Нашу беседу пронизывает эта тема — мирного протеста, борьбы за свободу, прав и бесправия; но мы выходим за её пределы, разговаривая о жизни Анны и о поэзии. В одном из ответов она сказала: психике нужен способ, чтобы справиться с давлением. Стихи — один из них. Иногда они помогают спастись и выжить.

— Анна, ты рассказывала о работе над книгой, связанной с событиями в Беларуси. Что это конкретно за книга, когда ждать её выхода?

— Эта книга действительно о протестах, о сентябре. Она задумывалась как дневник, который я вела, когда была «на сутках». Я получила девять суток. 8 сентября меня задержали, до 17‑го я находилась на Окрестина и в Жодино и пыталась ввести там дневник.

Однажды, когда я села поработать с этим материалом как с книгой, я поняла, что моего голоса недостаточно. Что моя история — всего лишь фрагмент большой истории, которую я не смогу рассказать полностью, но у меня есть уникальная возможность записать голоса других. На эту работу меня вдохновила книга Светланы Алексиевич «У войны не женское лицо». И я начала интервьюировать людей. Я решила рассказать объёмную историю. Она о нашем задержании, о тех, кто находился со мной в одной камере или в то же время был в тюрьме. Плюс опыт людей, в основном моих близких — кто поддерживал, собирал передачи, ждал, продолжал что-то делать.
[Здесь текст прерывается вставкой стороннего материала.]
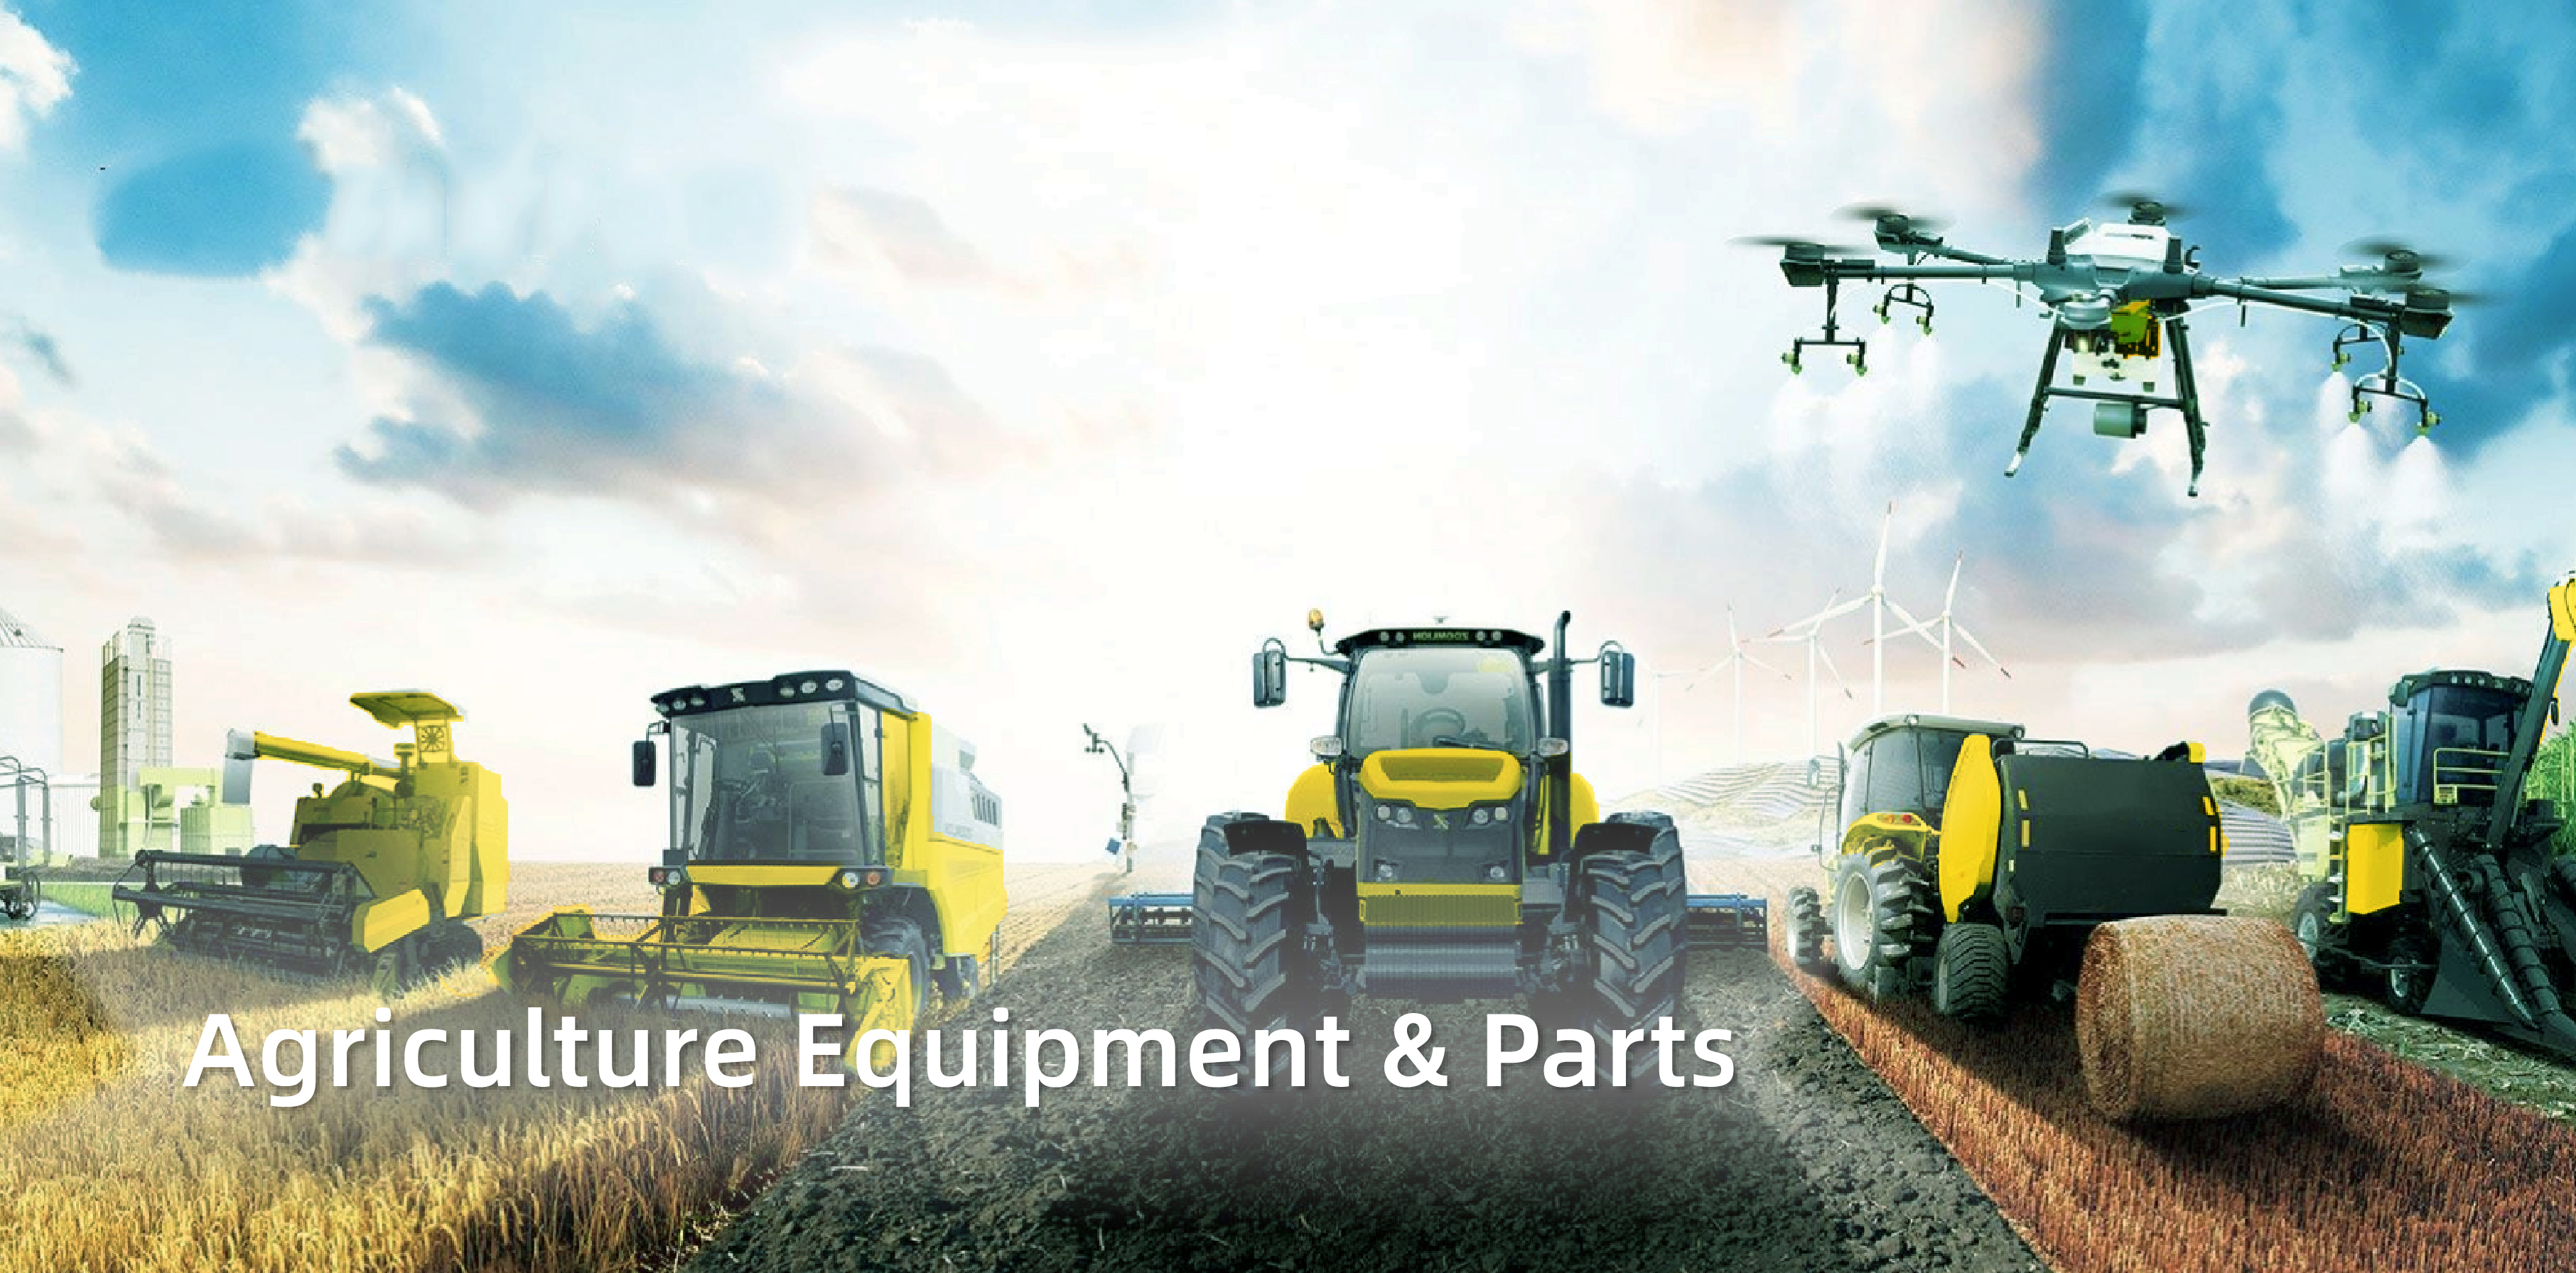  Agriculture Equipment & Parts

— Сколько получается героев?

— Я не считала, потому что записываю интервью и сразу, в целях безопасности, удаляю с компьютера. У меня где-то 70 страниц текста и ещё шесть не переведенных в текст звуковых интервью. Суммарно около 100 стр. А общее число героев и героинь от 20 до 30.

— Страшно ли работать над такой книгой, оставаясь внутри страны?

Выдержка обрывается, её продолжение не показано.